Degree of Dissociation

The degree of dissociation, often represented by the symbol \( x \), measures how much a substance breaks down or dissociates into simpler forms when it reaches equilibrium. For the decomposition of \( \text{PCl}_5 \), the degree of dissociation represents the fraction of \( \text{PCl}_5 \) molecules that have dissociated into \( \text{PCl}_3 \) and \( \text{Cl}_2 \) molecules.

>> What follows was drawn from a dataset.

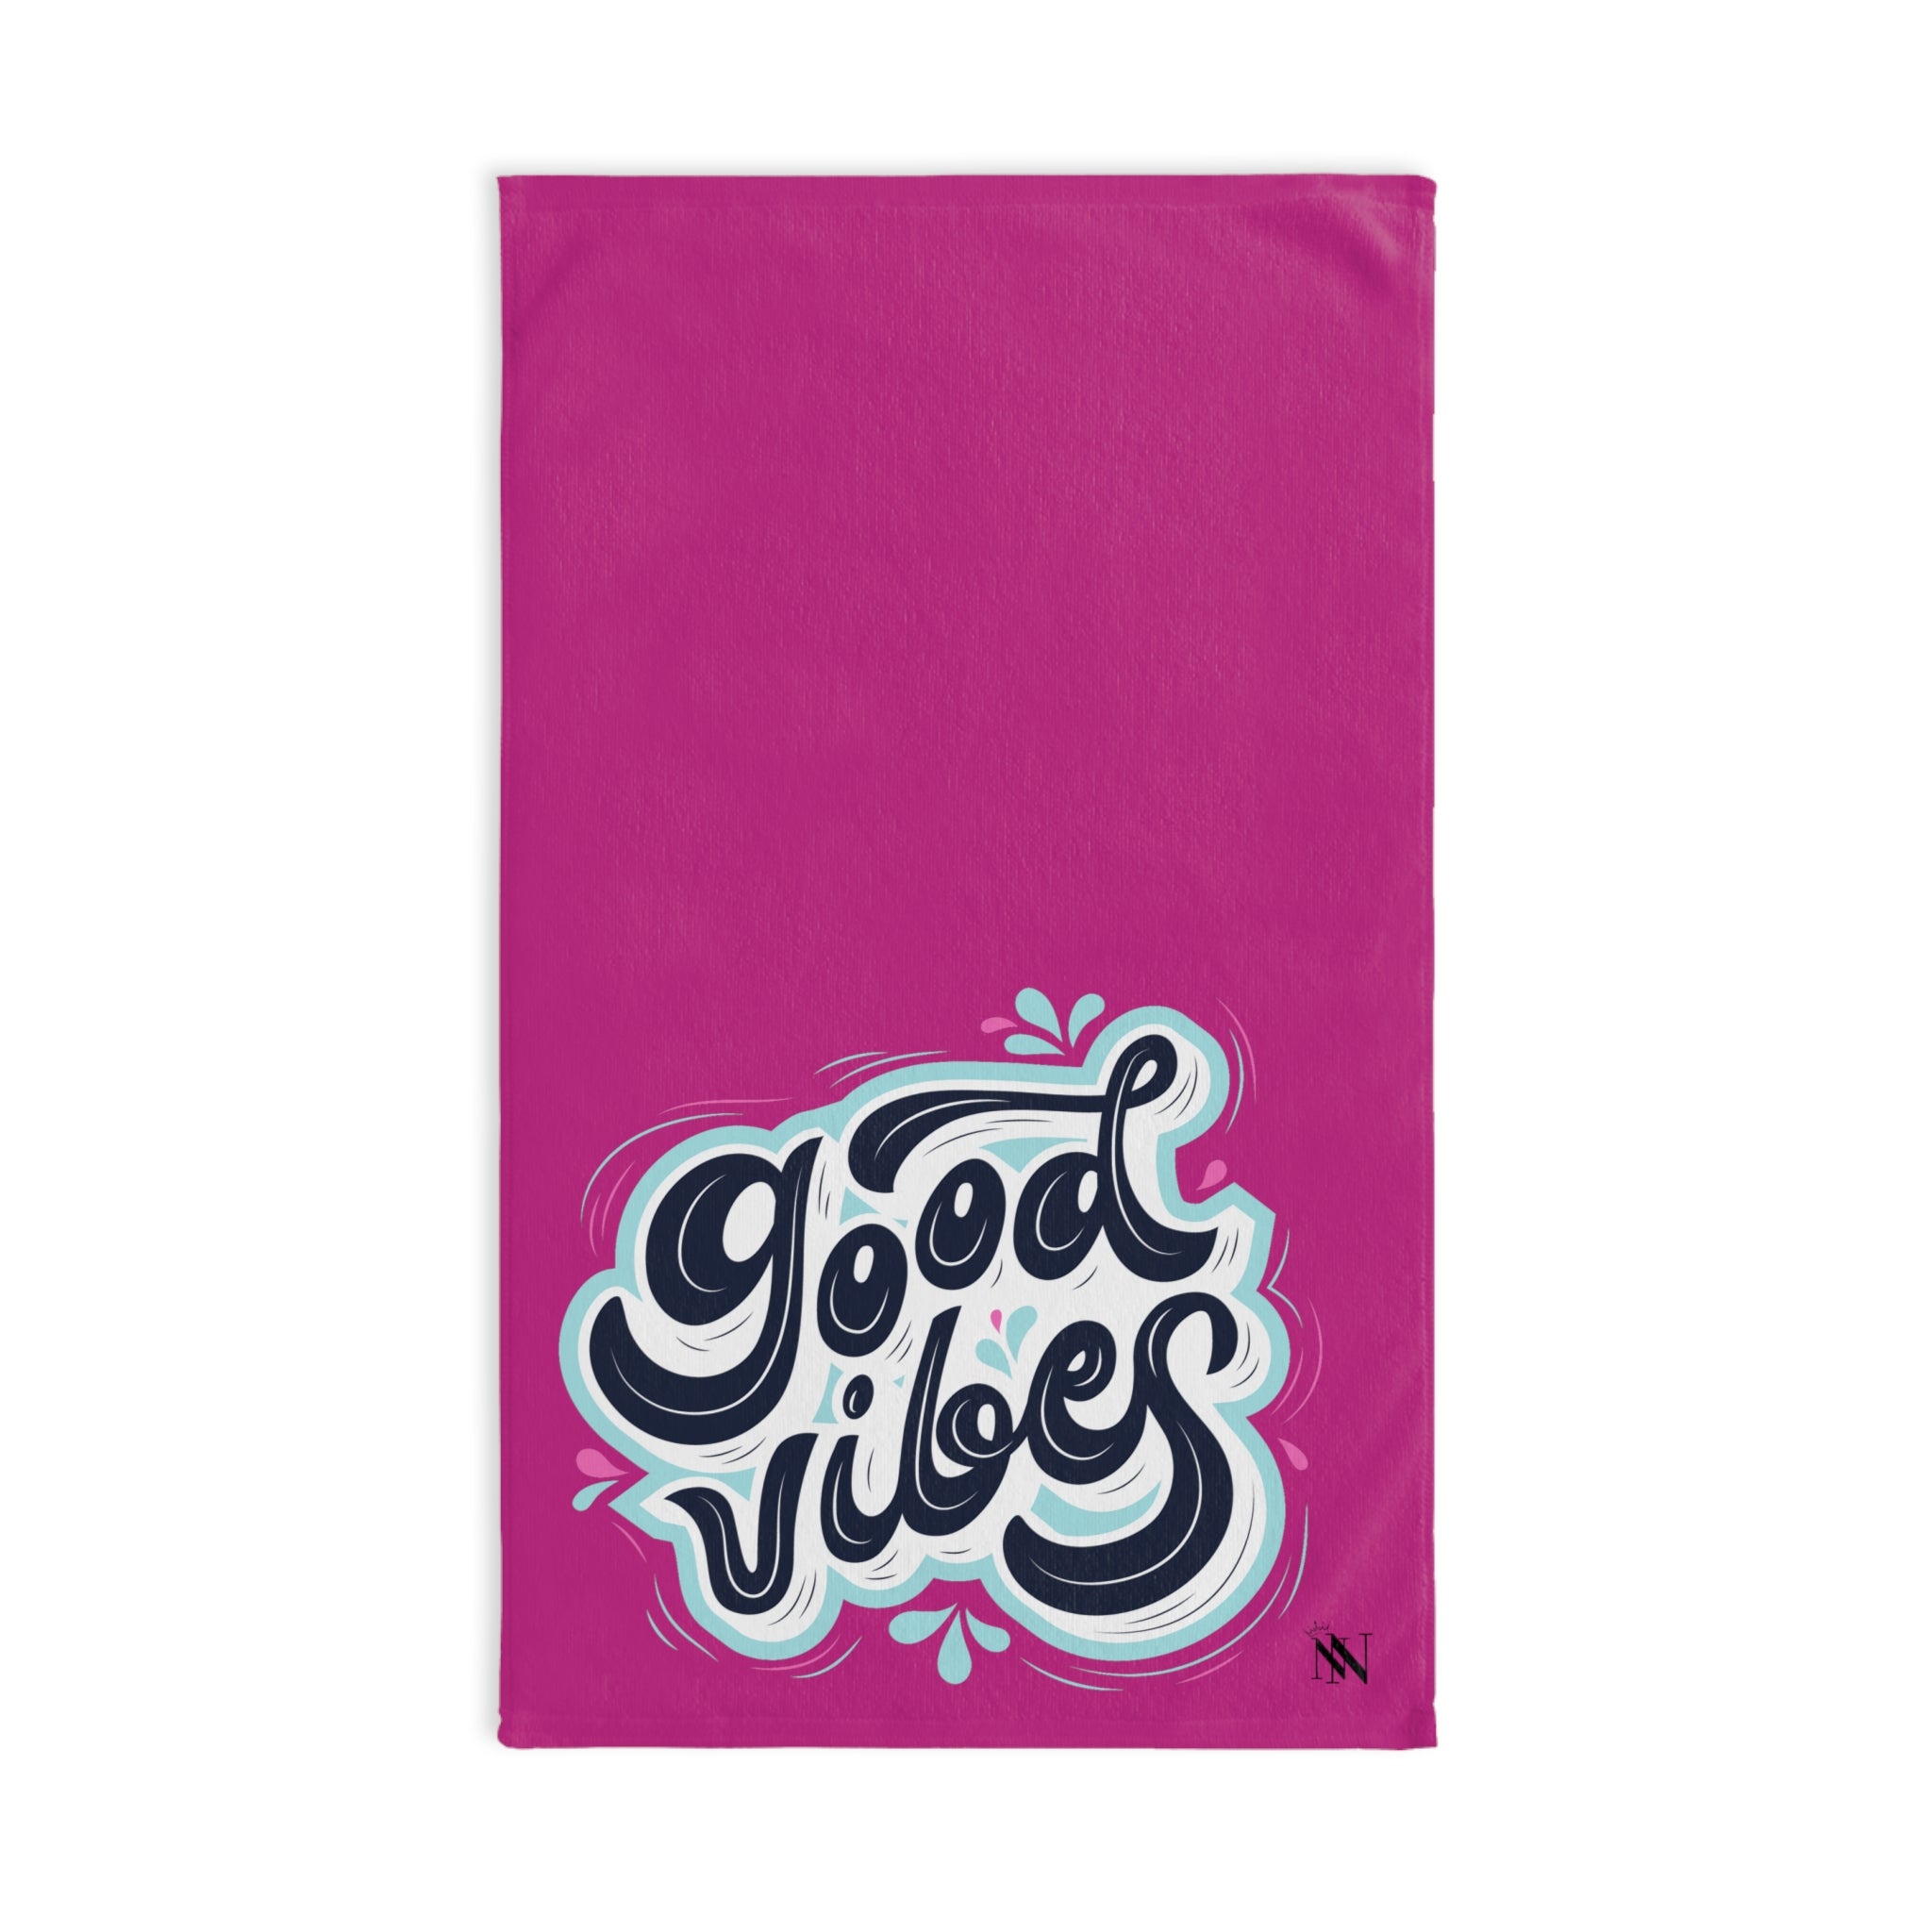 Splash Good Vibes Fuscia | Funny Gifts for Men - Gifts for Him - Birthday Gifts for Men, Him, Husband, Boyfriend, New Couple Gifts, Fathers & Valentines Day Gifts, Hand Towels NECTAR NAPKINS

For instance, if we start with an initial amount of substance \( [A]_0 \), and at equilibrium, a fraction \( x \) has dissociated, then:

• The concentration of \( \text{PCl}_5 \) remaining is given by: \( [\text{PCl}_5] = [A]_0 (1 - x) \)
• The concentration of \( \text{PCl}_3 \) and \( \text{Cl}_2 \) formed is: \( [\text{PCl}_3] = [A]_0 x \) and \( [\text{Cl}_2] = [A]_0 x \)

The degree of dissociation is vital in deriving relationships involving equilibrium constants and partial pressures in chemical reactions. The degree of dissociation is directly influenced by the conditions of the system, mostly temperature and pressure for gas-phase reactions.

Equilibrium Constant

The equilibrium constant, denoted by \( K \), is a dimensionless number that provides a ratio of the concentrations or partial pressures of the products and reactants at equilibrium. For the decomposition of \( \text{PCl}_5 \), the equilibrium expression is:

\[ K = \frac{[\text{PCl}_3] [\text{Cl}_2]}{[\text{PCl}_5]} \]

Insert the values of the concentrations in terms of the degree of dissociation to obtain:

\[ K = \frac{[A]_0 x [A]_0 x}{[A]_0 (1-x)} = \frac{[A]_0 x^2}{1-x} \]

The equilibrium constant's value depends on the temperature and nature of the reactants and products but remains unchanged for a fixed temperature. The equilibrium expression links the reaction's degree of dissociation with the initial concentration of the reactant and the equilibrium constant itself. This relationship serves as the foundation for understanding how changes in conditions, such as pressure, will affect the system's degree of dissociation.

Partial Pressure

Partial pressure refers to the pressure exerted by an individual gas in a mixture of gases. According to Dalton's law, the total pressure of a gas mixture is the sum of the partial pressures of each individual gas. For our reaction involving \( \text{PCl}_5 \) decomposing into \( \text{PCl}_3 \) and \( \text{Cl}_2 \):

• The partial pressures of \( \text{PCl}_3 \) and \( \text{Cl}_2 \) are equal, both proportional to the degree of dissociation \( x \).
• The total pressure at equilibrium, \( P \), is given by: \( P = P_0 (1 + x) \)

Hence, the degree of dissociation can be related to the partial pressure with the expression:

\[ x \propto \frac{1}{\sqrt{P}} \]

This indicates that as the total pressure increases, the degree of dissociation decreases. The relationship between partial pressure and degree of dissociation is crucial for predicting how a chemical system will respond to changes in pressure, enabling chemists to manipulate reaction conditions to favor desired outcomes.